This article may be too technical for most readers to understand.(August 2024) |
Budget-proposal aggregation (BPA) is a problem in social choice theory. [1] [2] [3] A group has to decide on how to distribute its budget among several issues. Each group-member has a different idea about what the ideal budget-distribution should be. The problem is how to aggregate the different opinions into a single budget-distribution program.
BPA is a special case of participatory budgeting, with the following characteristics:
It is also a special case of fractional social choice (portioning), in which agents express their preferences by stating their ideal distribution, rather than by a ranking of the issues. [4] [5] [ clarification needed ]
Another sense in which aggregation in budgeting has been studied is as follows. Suppose a manager asks his worker to submit a budget-proposal for a project. The worker can over-report the project cost, in order to get the slack to himself. Knowing that, the manager might reject the worker's proposal when it is too high, even though the high cost might be real. To mitigate this effect, it is possible to ask the worker for aggregate budget-proposals (for several projects at once). The experiment shows that this approach can indeed improve the efficiency of the process. [6]
The same problem has been studied in the context of aggregating probability distributions. [7] Suppose each citizen in society has a certain probability-distribution over candidates, representing the probability that the citizen prefers each candidate. The goal is to aggregate all distributions to a single probability-distribution, representing the probability that society should choose each candidate.
The one-dimensional case is the special case in which there are only two issues, e.g. defense and education. In this case, distributions can be represented by a single parameter: the allocation to issue #1 (the allocation to issue #2 is simply the total budget minus the allocation to issue #1). It is natural to assume that the agents have single-peaked preferences, that is: between two options that are both larger, or both smaller, than their ideal allocation, they prefer the option that is closer to their ideal allocation.
This setting is similar to a one-dimensional facility location problem: a certain facility (e.g. a public school) has to be built on a line; each voter has an ideal spot on the line in which the facility should be built (nearest to his own house); and the problem is to aggregate the voters' preferences and decide where on the line the facility should be built.

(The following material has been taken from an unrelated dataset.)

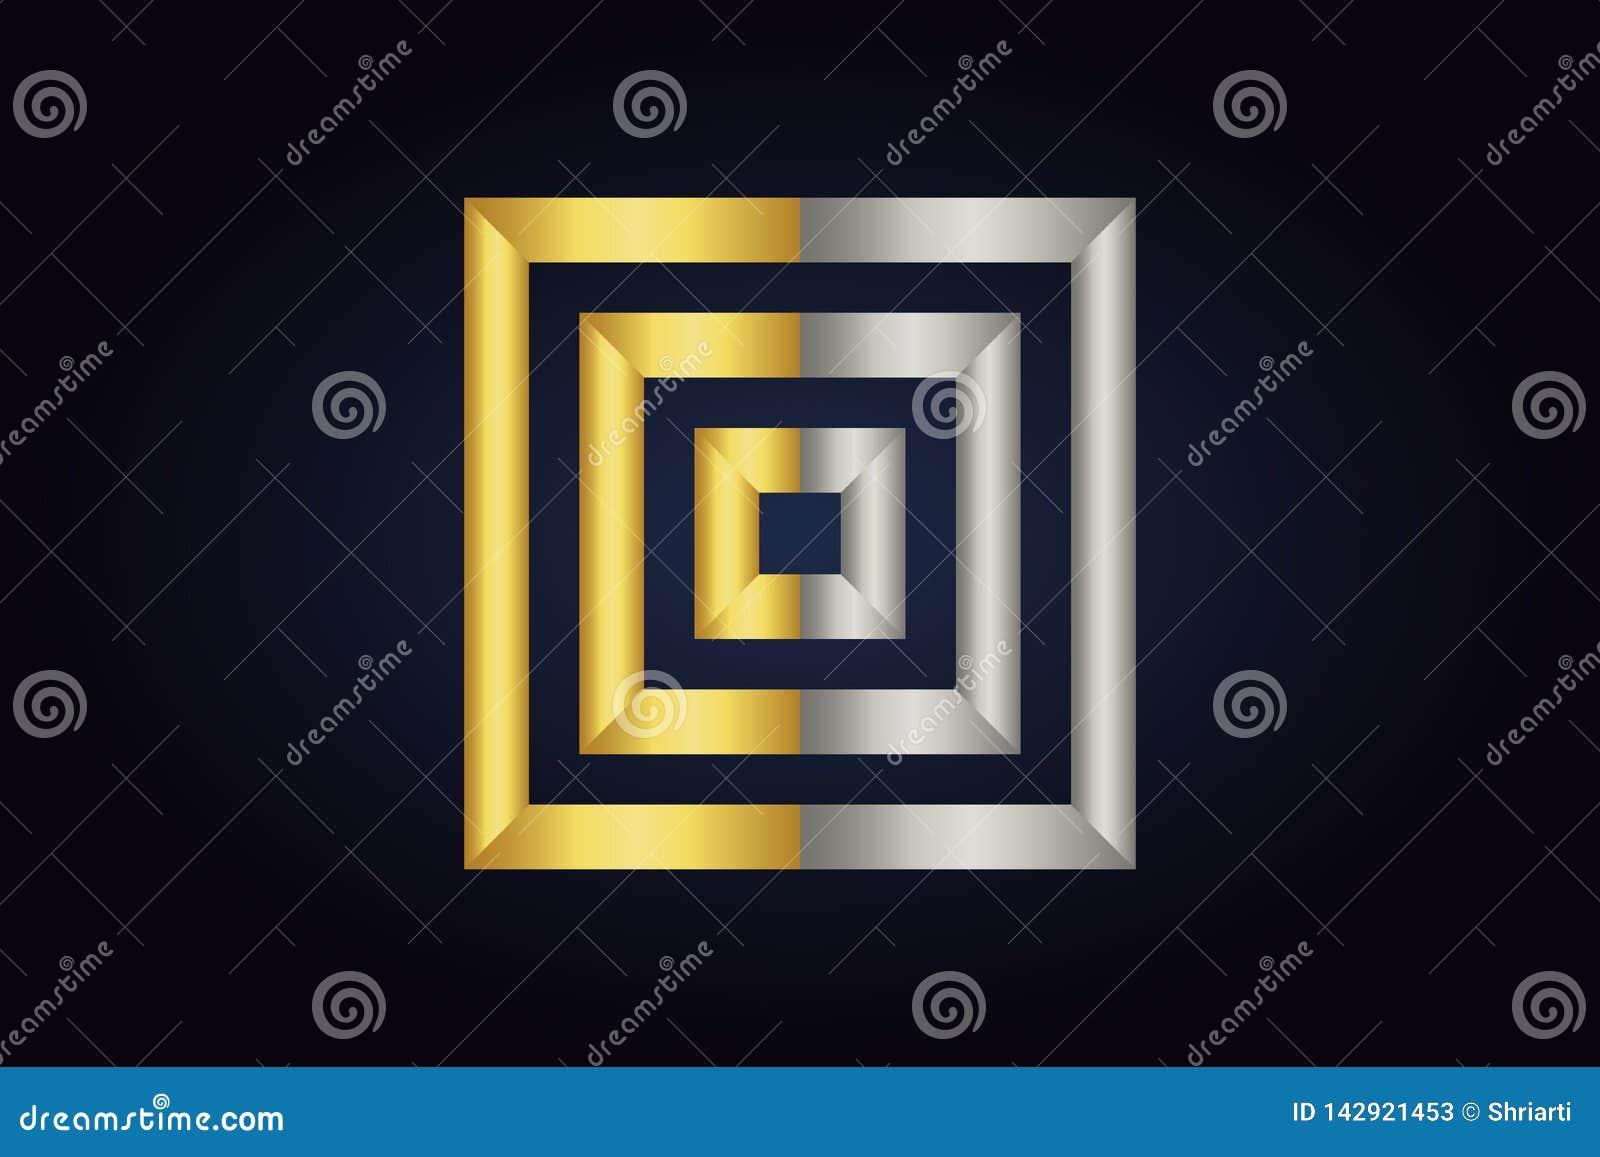 3 квадрата внутри одина другого Квадраты в цветах серебра и золота

The average voting rule is an aggregation rule that simply returns the arithmetic mean of all individual distributions. It is the unique rule that satisfies the following three axioms: [7]

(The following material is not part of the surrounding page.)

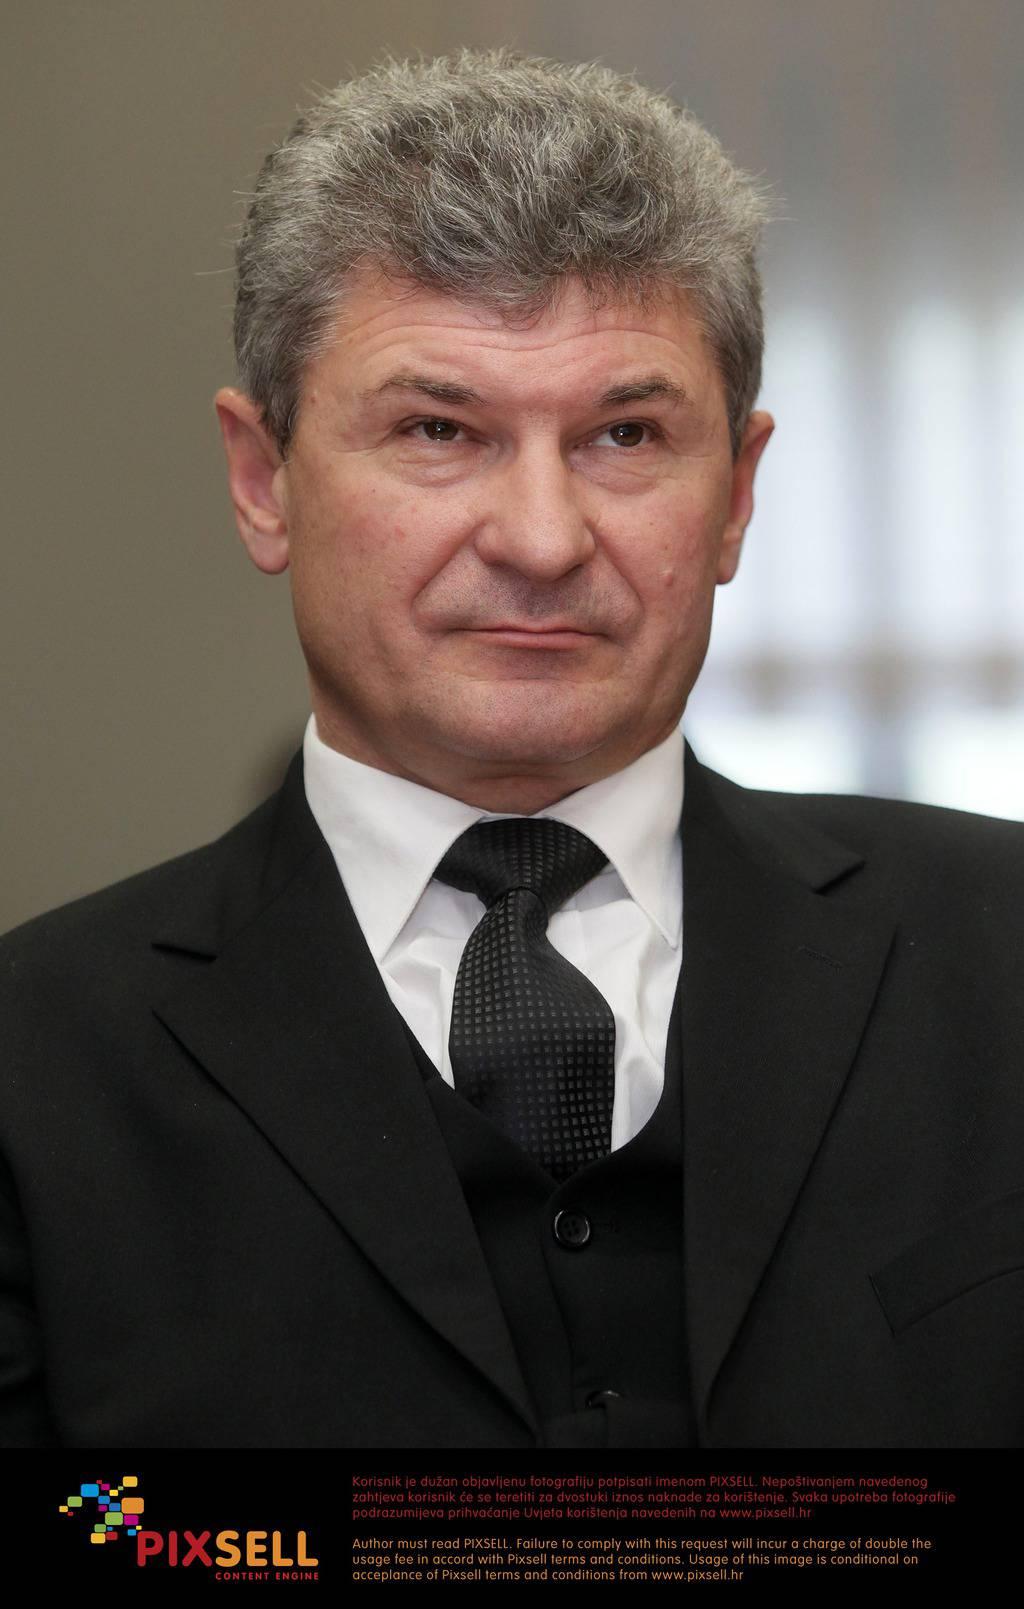 Marijan Sušenj/PIXSELL

But the average rule is not incentive-compatible, and is very easy to manipulate. For example, suppose there are two issues, the ideal distribution of Alice is (80%, 20%), and the average of the ideal distributions of the other voters is (60%, 40%). Then Alice would be better-off by reporting that her ideal distribution is (100%, 0%), since this will pull the average distribution closer to her ideal distribution.

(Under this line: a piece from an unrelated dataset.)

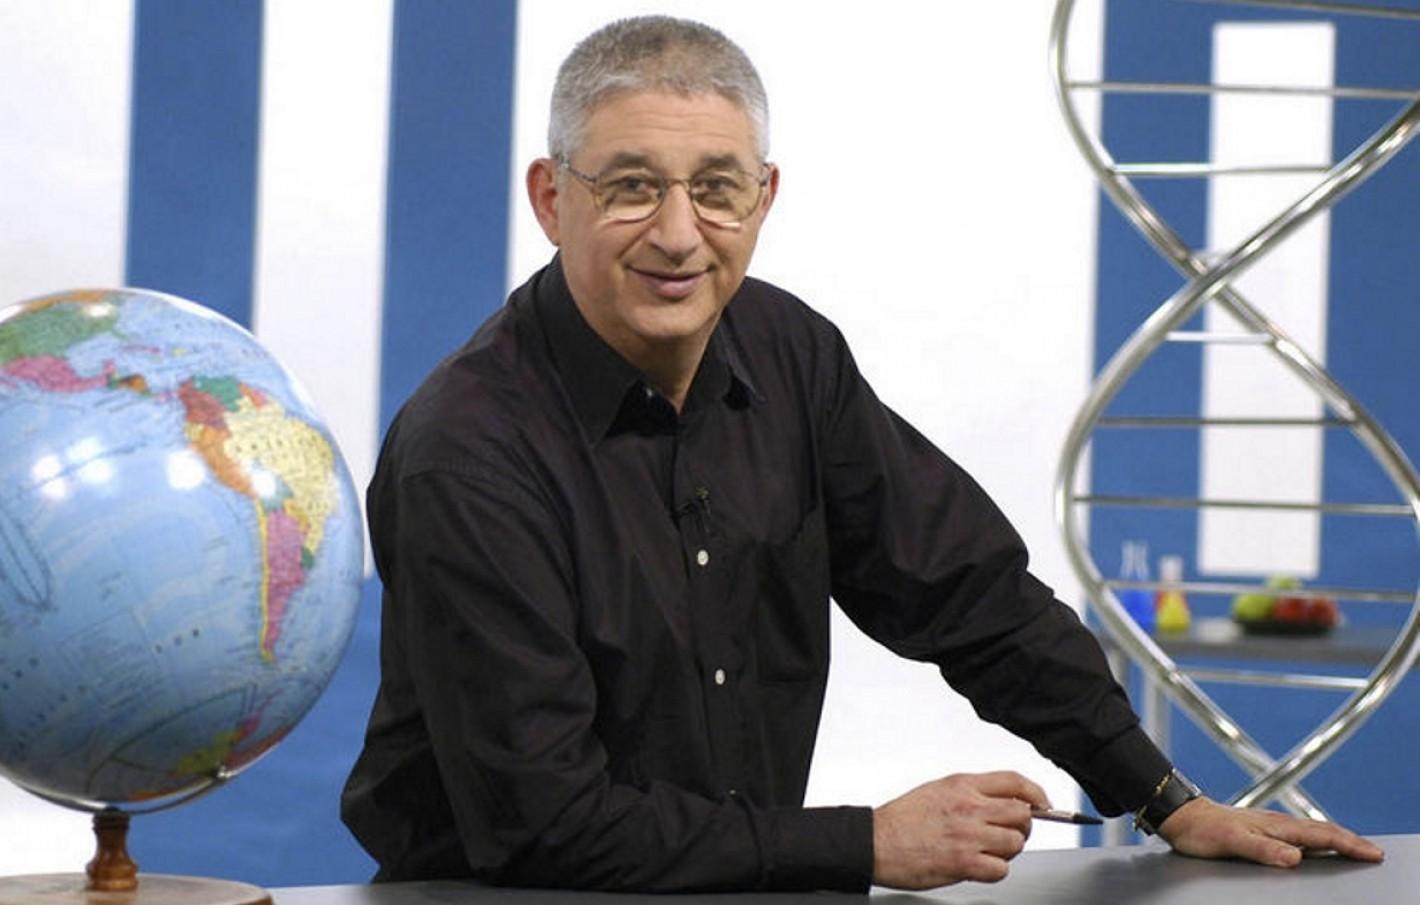 El Dr. Adrián Paenza recibió el apoyo de Carta Abierta ante el ataque del macrismo.

The median voting rule for the one-dimensional case is an aggregation rule that returns the median of the ideal budgets of all citizens. It has several advanatages:
But the median rule may be considered unfair, as it ignores the minority opinion. For example, suppose the two issues are "investment in the north" vs. "investment in the south". 49% of the population live in the north and therefore their ideal distribution is (100%,0%), while 51% of the population live in the south and therefore their ideal distribution is (0%,100%), The median rule selects the distribution (0%,100%), which is unfair for the citizens living in the north.
This fairness notion is captured by proportionality (PROP), [1] which means that, if all agents are single-minded (want either 0% or 100%), then the allocation equals the fraction of agents who want 100%. The average rule is PROP but not strategyproof; the median rule is strategyproof but not PROP.
The median rule can be generalized by adding fixed votes, that do not depend on the citizen votes. These fixed votes are called "phantoms". Forr every set of phantoms, the rule that chooses the median of the set of real votes + phantoms is strategyproof; see median voting rule for examples and characterization. [9]
The Uniform Phantom median rule (UPM) is a special case of the median rule, with n-1 phantoms at 1/n, ..., (n-1)/n. This rule is strategyproof (like all phantom-median rules), but in addition, it is also proportional. It has several characerizations:
Aziz, Lam, Lee and Walsh [11] study the special case in which the preferences are single-peaked and symmetric, that is: each agent compares alternatives only by their distance from his ideal point, regardless of the direction. In particular, they assume that each agent's utility is 1 minus the distance between his ideal point and the chosen allocation. They consider several fairness axioms:
The following is known about existing rules:
They prove the following characterizations:
Border and Jordan [12] : Cor.1 prove that the only rule satisfying continuity, anonymity, proportionality and strategyproofness is UPM.
Rosar compares the average rule to the median rule when the voters have diverse private information and interdependent preferences. For uniformly distributed information, the average report dominates the median report from a utilitarian perspective, when the set of admissible reports is designed optimally. For general distributions, the results still hold when there are many agents. [13]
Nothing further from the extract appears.